Solution: configure resource reservations and limits for the Pipeline.

Kubernetes may evict Pipeline pods under node resource pressure. To confirm, run:

kubectl describe pipeline-<pipeline-id>-0

and look for

Status: Failed
Reason: Evicted

You can also view the eviction event in your cluster monitoring stack (e.g. Datadog).

Evictions typically happen only when running Feldera in shared Kubernetes clusters. The pods to evict are determined by Kubernetes Quality-of-Service classes.

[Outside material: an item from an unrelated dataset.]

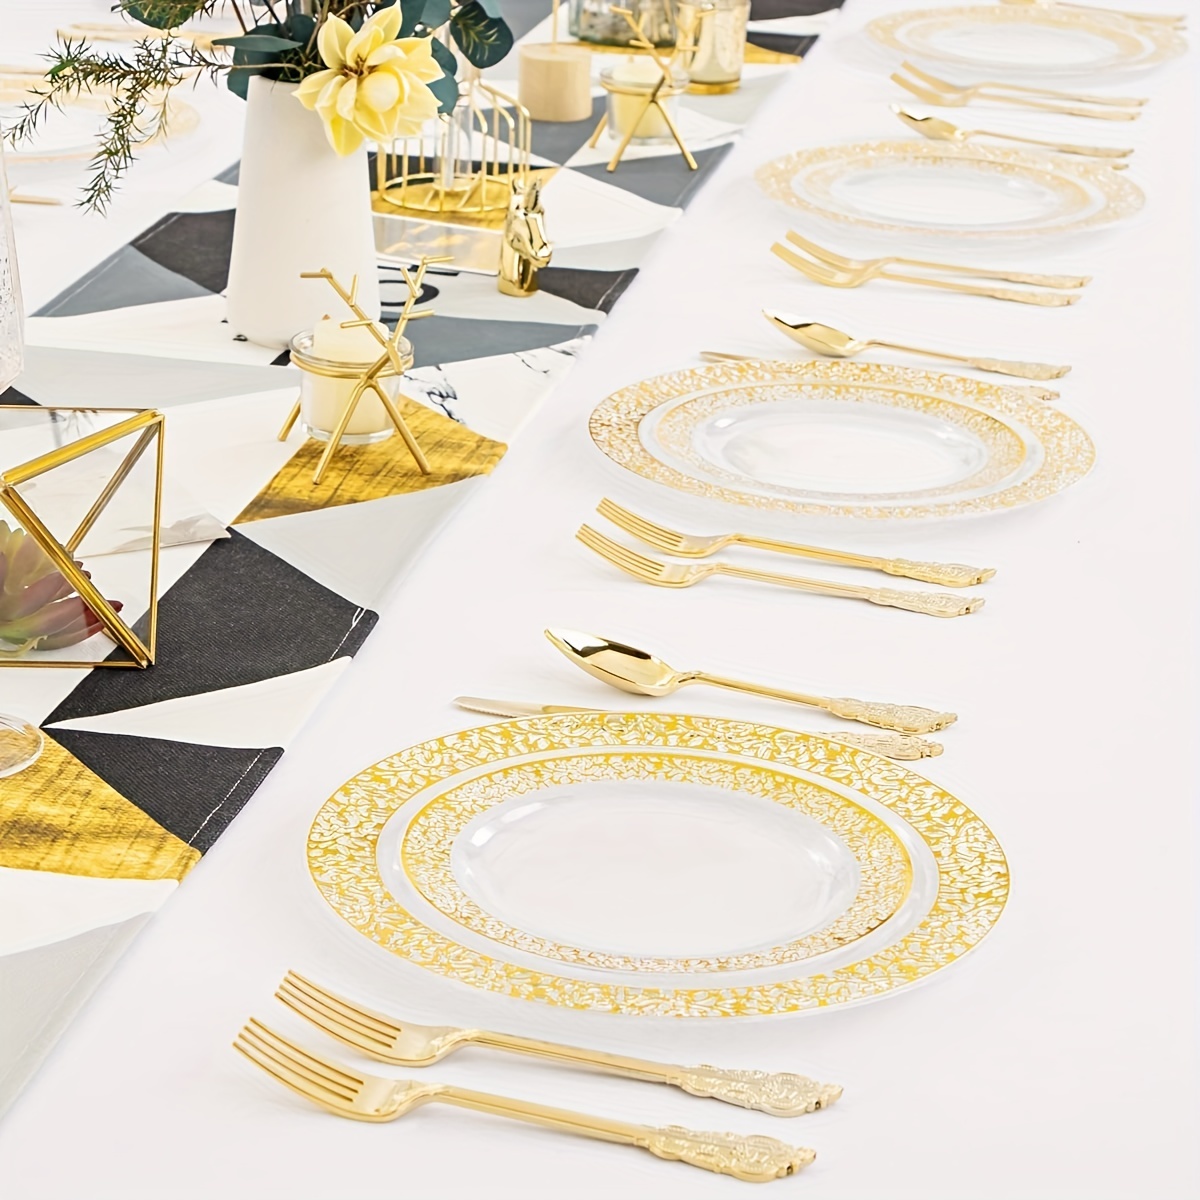 OliviasProject — Platos de papel mint con borde dorado

By default, Feldera Pipelines do not reserve any CPU or memory resources, which puts them in the BestEffort priority class, making them eviction candidates. To raise their priority:

  1. Burstable class: reserve a minimum amount of memory and CPU:

    "resources": {
    "cpu_cores_min": 16,
    "memory_mb_min": 32000,
    }
  2. Guaranteed class: set minimum and maximum resources to the same value, for memory and CPU:

    "resources": {
    "cpu_cores_min": 16,
    "cpu_cores_max": 16,
    "memory_mb_min": 32000,
    "memory_mb_max": 32000,
    }

Rust Compilation Errors

Error: No space left on device during Rust compilation

Solution: Ensure the compiler-server has sufficient disk space (20Gib by default, configured via the compilerPvcStorageSize value in the Helm chart).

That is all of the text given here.